>>>>>

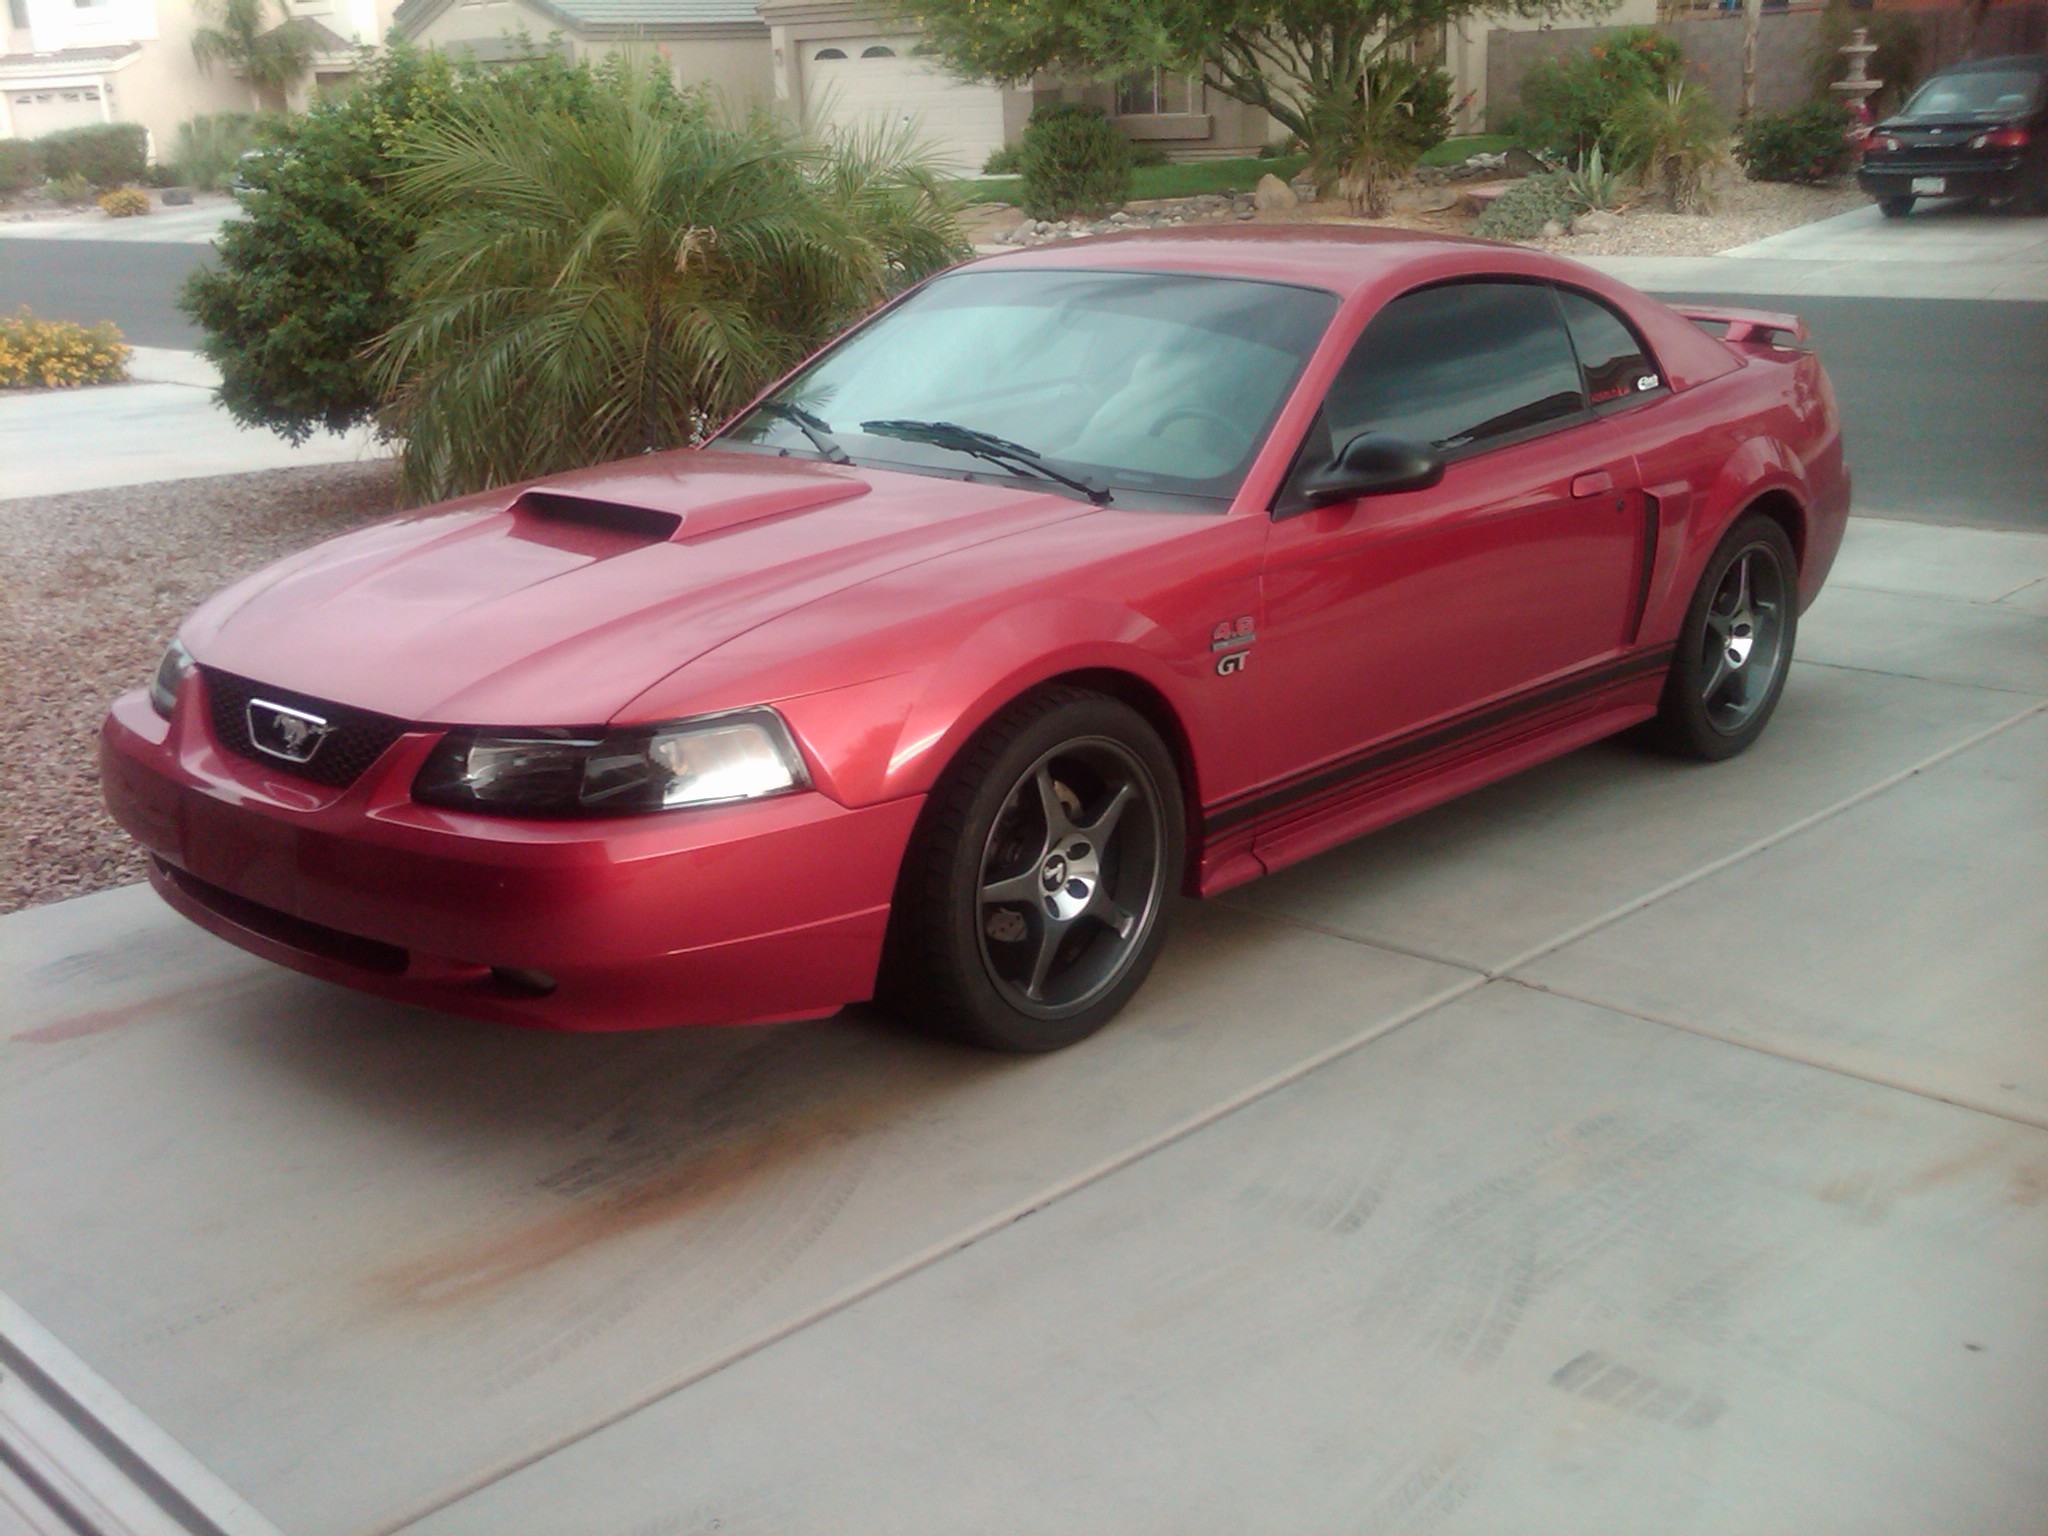 2001 Ford mustang gt quarter mile time #8
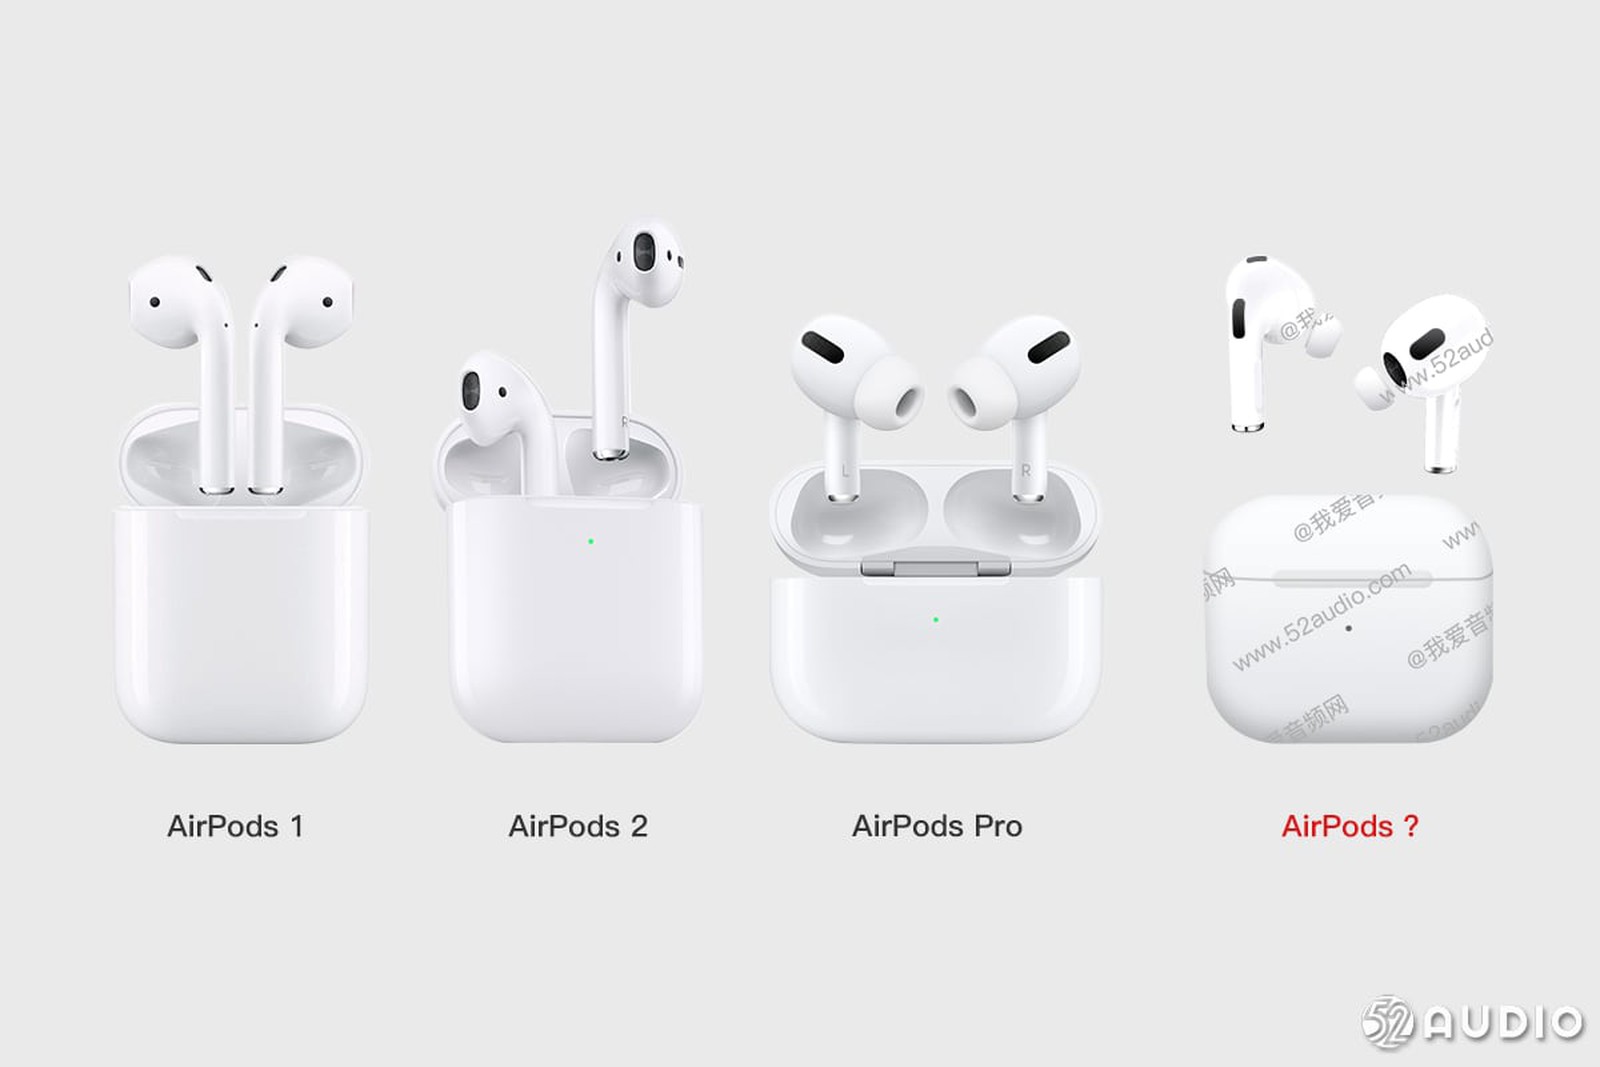 New AirPods Expected Later This Year as Suppliers Begin Component Shipments - MacRumors
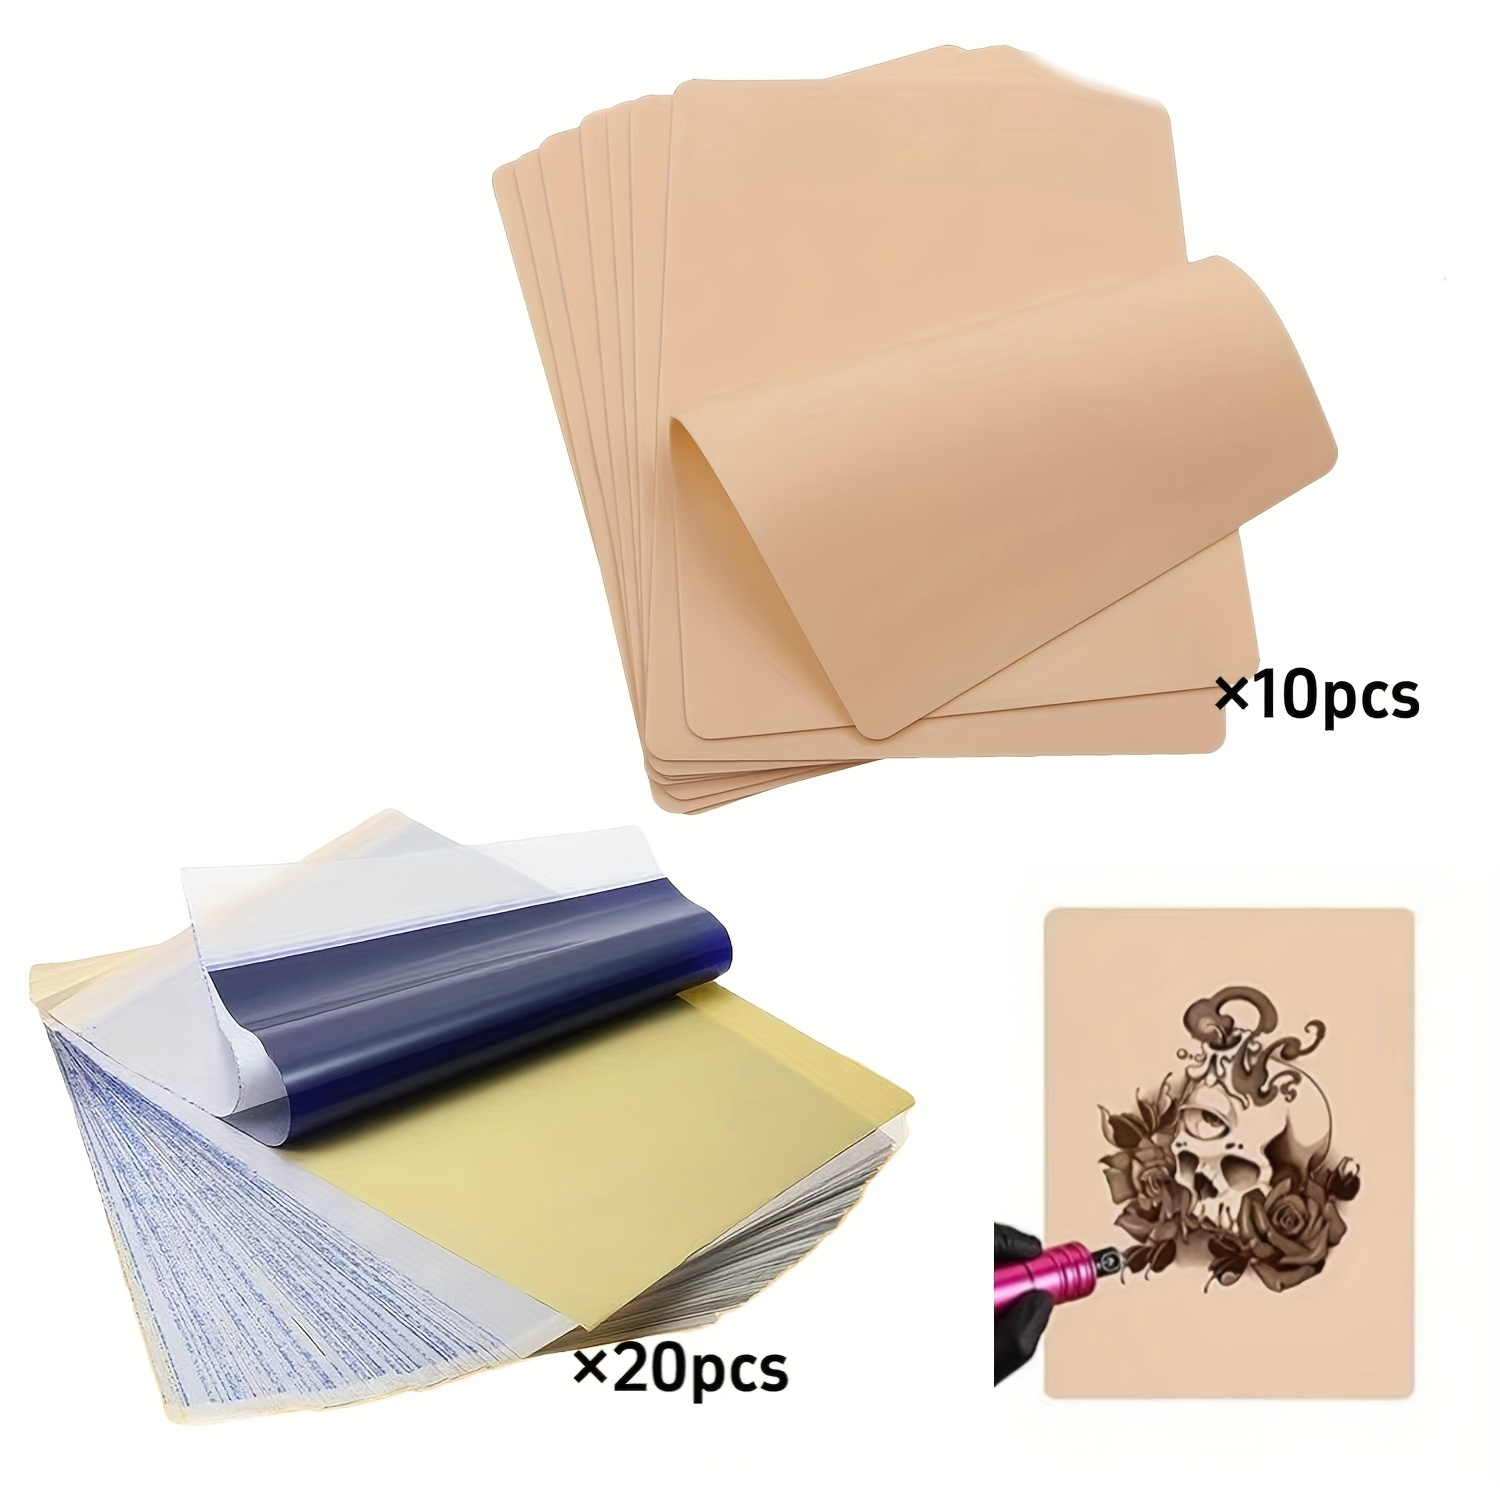 

30pcs Set Of Tattoo Skin Practice And Transfer Paper Sets, Including 10pcs Double-sided Blank Fake Skin, 20pcs Tattoo Transfer Paper, Tattoo Practice Supplies

<<<<<

▶ [ACTIVITY]:
Line by line, write out the material exactly, leaving the images out.

▶ [RESULT OF THIS TASK]:
 2001 Ford mustang gt quarter mile time #8
 New AirPods Expected Later This Year as Suppliers Begin Component Shipments - MacRumors

30pcs Set Of Tattoo Skin Practice And Transfer Paper Sets, Including 10pcs Double-sided Blank Fake Skin, 20pcs Tattoo Transfer Paper, Tattoo Practice Supplies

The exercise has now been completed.